I have read the biographies, Anquetil, Merckx, Pantani, et. al., and I have read the various histories, and almost without exception I have enjoyed them, but no books have brought me to Europe to smell the dust of the hot French summer or feel the ice cold Belgian rain quite like Abt’s have.
These collections of his writings also serve as charming reminders of how the superstars saw the world before they were superstars. Here we find one Lance Armstrong, in 1993, talking about Miguel Indurain, from Up the Road:
‘“He’s got a super attitude,” he said. “He’s not obnoxious, he’s quiet, he respects the other riders, he never fusses. He’s so mild-mannered. I really like him.”
“So much so that the 29-year-old Spaniard seems to have become a role model for the likeable and sensitive Armstrong, who has occasionally been considered brash. “I still have a temper and an attitude sometimes,” he confessed.

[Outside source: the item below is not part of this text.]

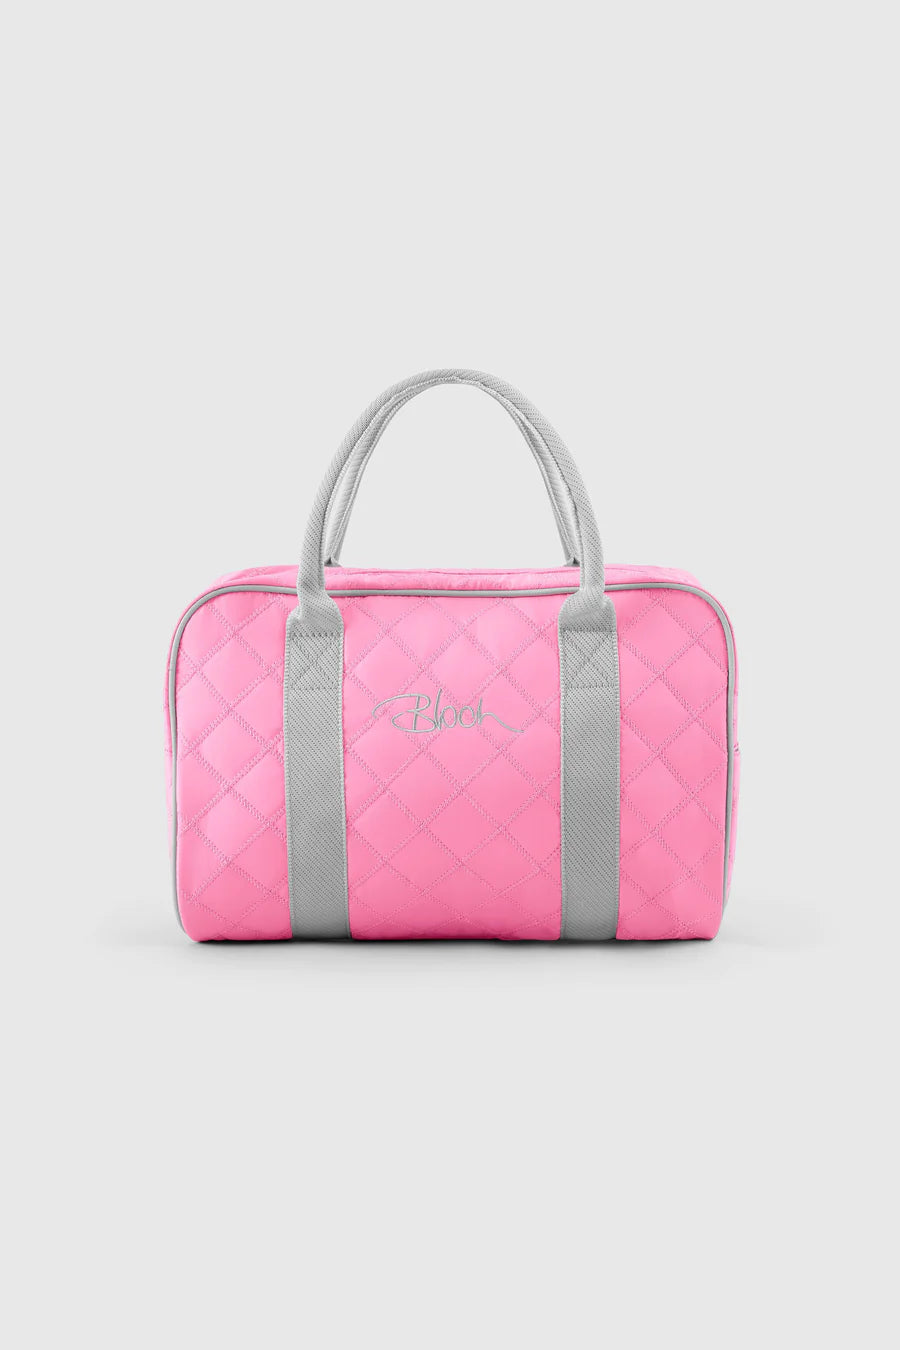 Bloch Encore Quilt Bag Pink

“I wouldn’t mind molding myself into his sort of character,” he said. “Really quiet, just goes about his business.”’
You may watch Versus on your American television. You may steal a Eurosport feed from some Internet backwater. You may stand by the early season roadside in California, waiting for the peloton to streak by, but short of spending a season in Europe (a luxury I’ve never been able to indulge) it’s very hard to get the flavor of the sport. In this sense, if Paris Roubaix is a dish, Sam Abt is an able chef, translating that uniquely Franco-Belgian treat for an American palette.
Thanks to Da Robot of the Bottom Bracket Blog for this appreciation.